Who were the Wise men?

Who were the Wise men? This is a brief study of the wise men that came to see the Messiah Christ-child in Bethlehem.

Who were the Wise men?

These men were from the wise men of Persia. In all probability, these men saw the star over the birthplace of Jesus much time before Jesus was born. This guided them during a long and arduous journey to arrive there.

How many wise men were there?

The Bible does not say. From the three gifts that they gave, some assume that there were just 3 of them. Ancients believed that there were 12. Most probably there were more that three men in that band. Carrying gold and other expensive presents with them, they probably had some kind of soldier or warrior with them, and others to serve the wise men.

Why did they come?

The most obvious and to the point answer is that they came to worship God incarnate born in Bethlehem. This is not that they knew things about the Messiah that nobody else knew, because they gathered their knowledge from the Hebrew Old Testament available to many. They simply studied the Bible and God blessed them with this mission.

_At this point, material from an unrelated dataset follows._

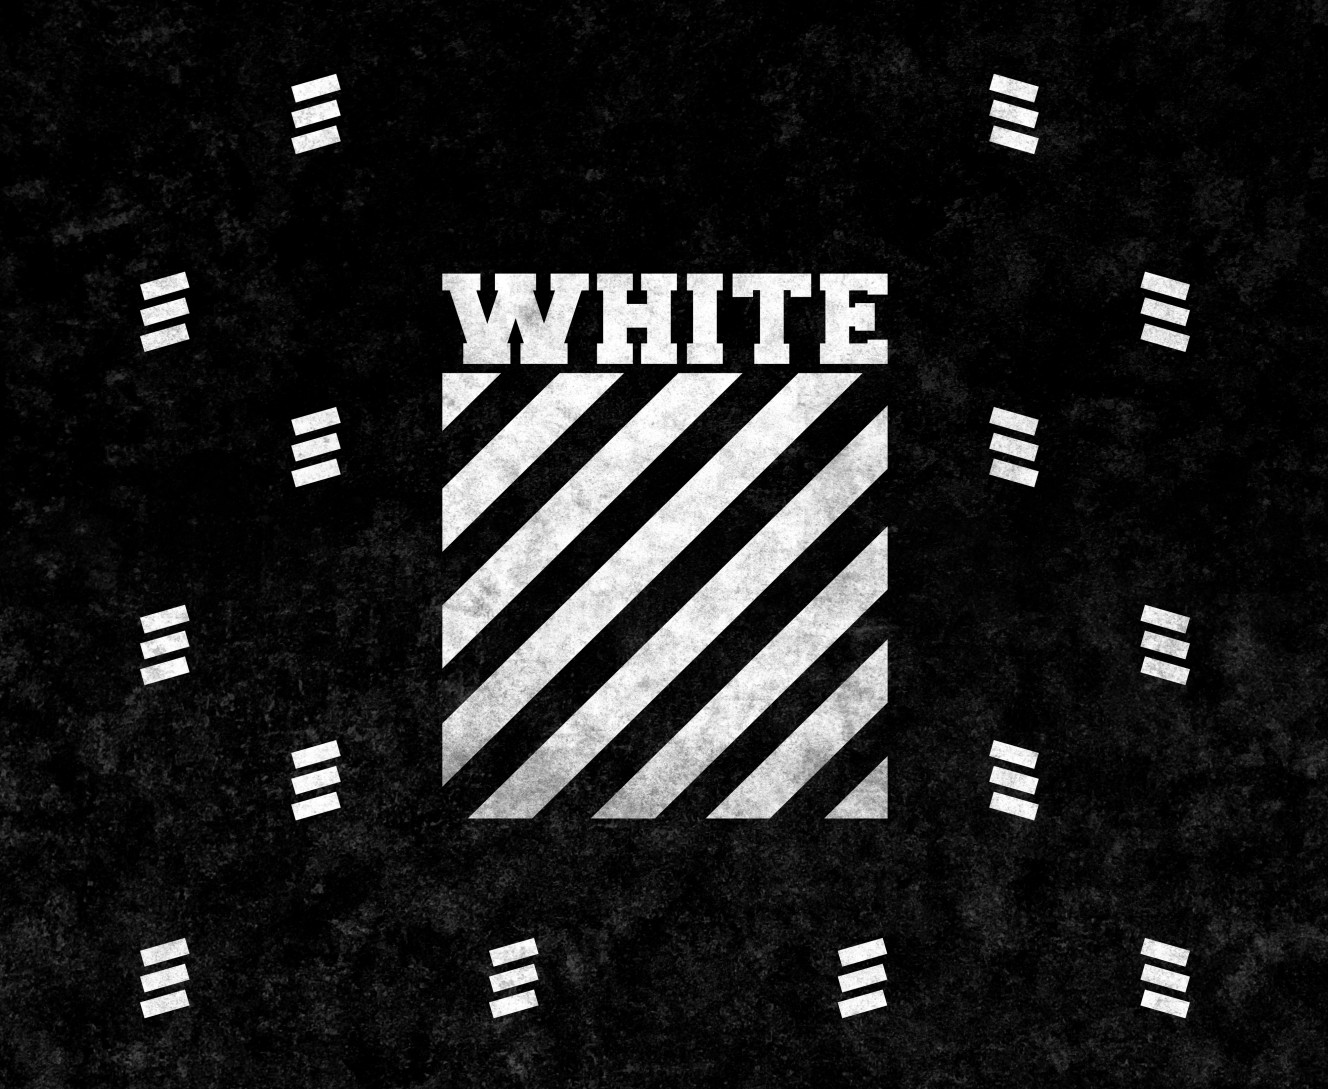 OFF WHITE (8)

In a more practical sense, these men brought a great amount of money into the family of poor Joseph and Mary. This money is what this young couple used to live and support themselves and their child for the first years of his life. This was God’s provision for his divine missionary to save the souls of men.

How much did they know?

It might surprise many people if they search a Bible concordance that there are only two references to the “Messiah” in the Bible.

Daniel 9:25 Know therefore and understand, that from the going forth of the commandment to restore and to build Jerusalem unto the Messiah the Prince shall be seven weeks, and threescore and two weeks: the street shall be built again, and the wall, even in troublous times.
Daniel 9:26 And after threescore and two weeks shall Messiah be cut off, but not for himself: and the people of the prince that shall come shall destroy the city and the sanctuary; and the end thereof shall be with a flood, and unto the end of the war desolations are determined.

John 1:41 He first findeth his own brother Simon, and saith unto him, We have found the Messias, which is, being interpreted, the Christ.

John 4:25 The woman saith unto him, I know that Messias cometh, which is called Christ: when he is come, he will tell us all things.

In Greek, the word is changed slightly to be Messias. So this is the third occurrence and fourth occurrence.

But we do not see a whole lot of teaching mentioning that word. But the divine person who was to come and save the world is the focus of the New Testament and the Old Testament.

How does the appearance of the star fit into the narrative?

In ancient times (which God seems to allow this concept to be fulfilled in the coming of His Son), but they believed that when a great king was born, a star would appear in the sky. The Bethlehem star fits this narrative. This was a divine sign that nobody could deny, and nobody could explain except by this tradition.

What are some anomalies in the story?

First of all, the hot bed of all the Jewish people was still in Jerusalem at this time. Yes there were captive Jews taken to surrounding countries through the wars and such, but the center of the Jewish religion was still in Israel. The fact that exile students of Scripture knew these prophecies very easily and the rabbi in Jerusalem apparently let it slip by them is remarkable.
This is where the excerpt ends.